6.「偽造犯」(1/2)
五點鐘到了,客廳座鐘發出了鳴響。
大家都不再作聲,各自坐在沙發上,只有傭人還在默默地張羅著飯菜點心。
大約又過了五分鐘,外面車輪聲和馬蹄聲響起,「是市長來了?」海軍元帥問。
僕人趕緊打開了莊園大門,一輛氣派的馬車停在門外,透過庭院,艾米莉看到了有兩個僕人各牽著匹馬,一匹是土黃色的,一匹小些,是棗紅色的。
艾米莉頓覺自己又被馬蜂狠狠蟄了下,她的耳朵嗡嗡作響。
來到客廳鞠躬的僕人說,是從波利尼亞克公爵家莊園來的,這客人好像先前在莊園內做過客,說和您的大女婿拉夫托侯爵家有交情,和您本人也有親戚,也是魯昂人,叫菲利克斯.高丹的,他說他剛剛辦完事務歸來,便順帶著來拜訪您。
一聽到這名字,元帥有些慍怒,他看著自己的外孫女,對僕人說:「這種人還敢來?以後聽到這個名字,不准再通報!」
其實艾米莉的事,外公已暗中知道,他當時氣得七竅生煙,說要派人送信給菲利克斯,就算我已五十七歲,但還能把手槍子彈準確無誤地射中三十法尋開外的楓樹枝上,我要在決鬥里殺掉這個畜牲,當初我看走眼,還以為他是個善良守法的年輕人呢!
不過元帥女兒,也即是艾米莉的母親貢斯當絲,主張息事寧人,「不過是年輕人間的風流韻事,遮住丑也就過去了。
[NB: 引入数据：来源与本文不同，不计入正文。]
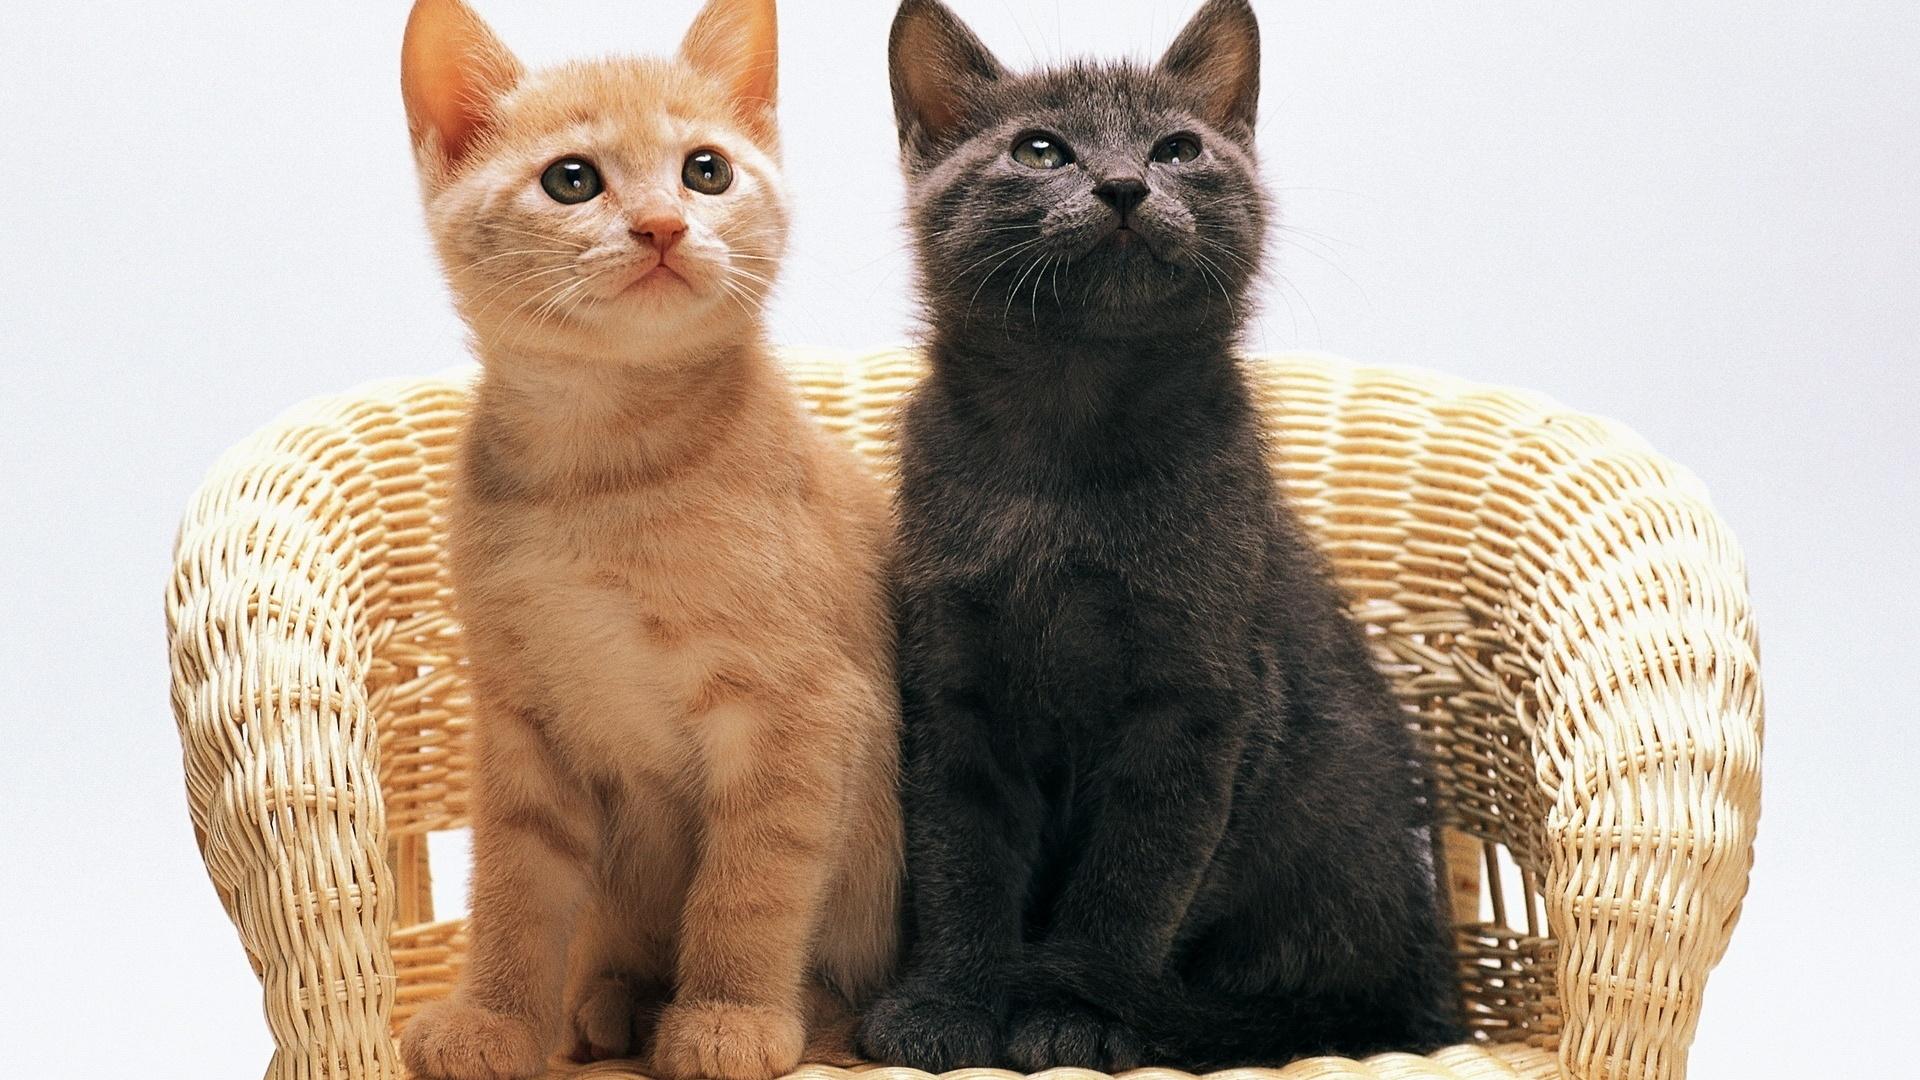 нескольких картинки рыжего и серого кота обожают
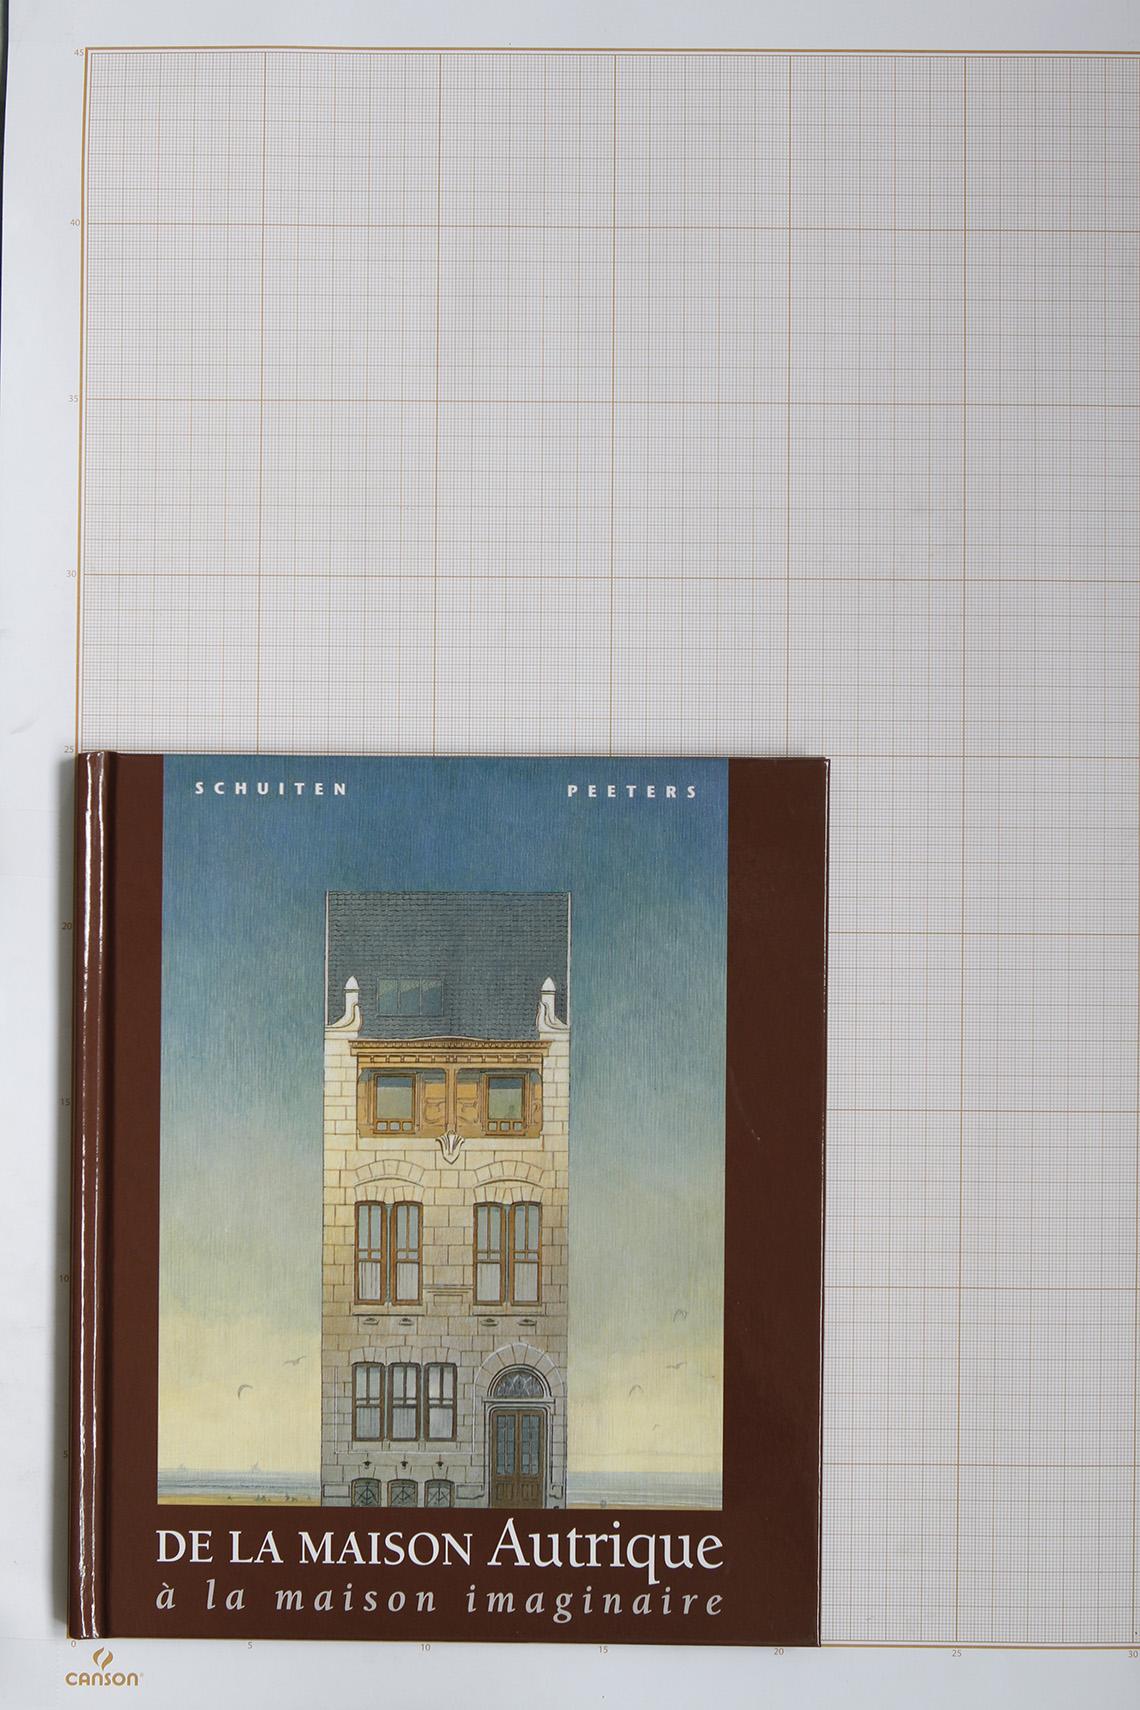 De la Maison Autrique à la maison imaginaire, F.Schuiten & B.Peeters - Les Piérides / Schuiten Copyright© Maison Autrique, 1997

」她是這樣解釋的,海軍元帥也無可奈何。
結果聽到外公的怒聲後,雷米薩愣了下,就問為什麼啊,為什麼不歡迎登門的客人呢?
可此刻僕人還沒來得及擋駕,菲利克斯就如入無人之境般,由勞都成四川成漢馥拉挽著胳膊,來到莊園客廳台階上,「這樣冒然造訪,是不是欠缺禮貌呢?」勞馥拉還感到有點不安。
等到菲利克斯來到客廳,向弗拉德約.德.凱嘉魯埃元帥鞠躬敬禮時,元帥壓根沒給他好臉色看。
而蒙杜蘭侯爵愕然察覺,此君不就是方才在拉夫托家別墅前遇到的那位嗎?看來當時艾米莉眼神慌張,想必兩人之前其實認得。
「有何見教?」海軍元帥冷冰冰地問。
菲利克斯便說,剛剛和我的朋友——哦,這位是女公民勞馥拉.赫爾維修斯,巴黎兩性友愛報刊的主編記者——剛從波利尼亞克公爵家的莊園打獵歸來,路過府上,恰逢車軸有些故障,便不得不來叨擾下。
海軍元帥就立刻吩咐僕人,快把這位先生的車軸給修復下,上點油,讓他能趕在日落前返回巴黎去。
「啊這......」雷米薩急得脖子都粗了,臉色也紅了,打著手勢,著急間卻說不出什麼來。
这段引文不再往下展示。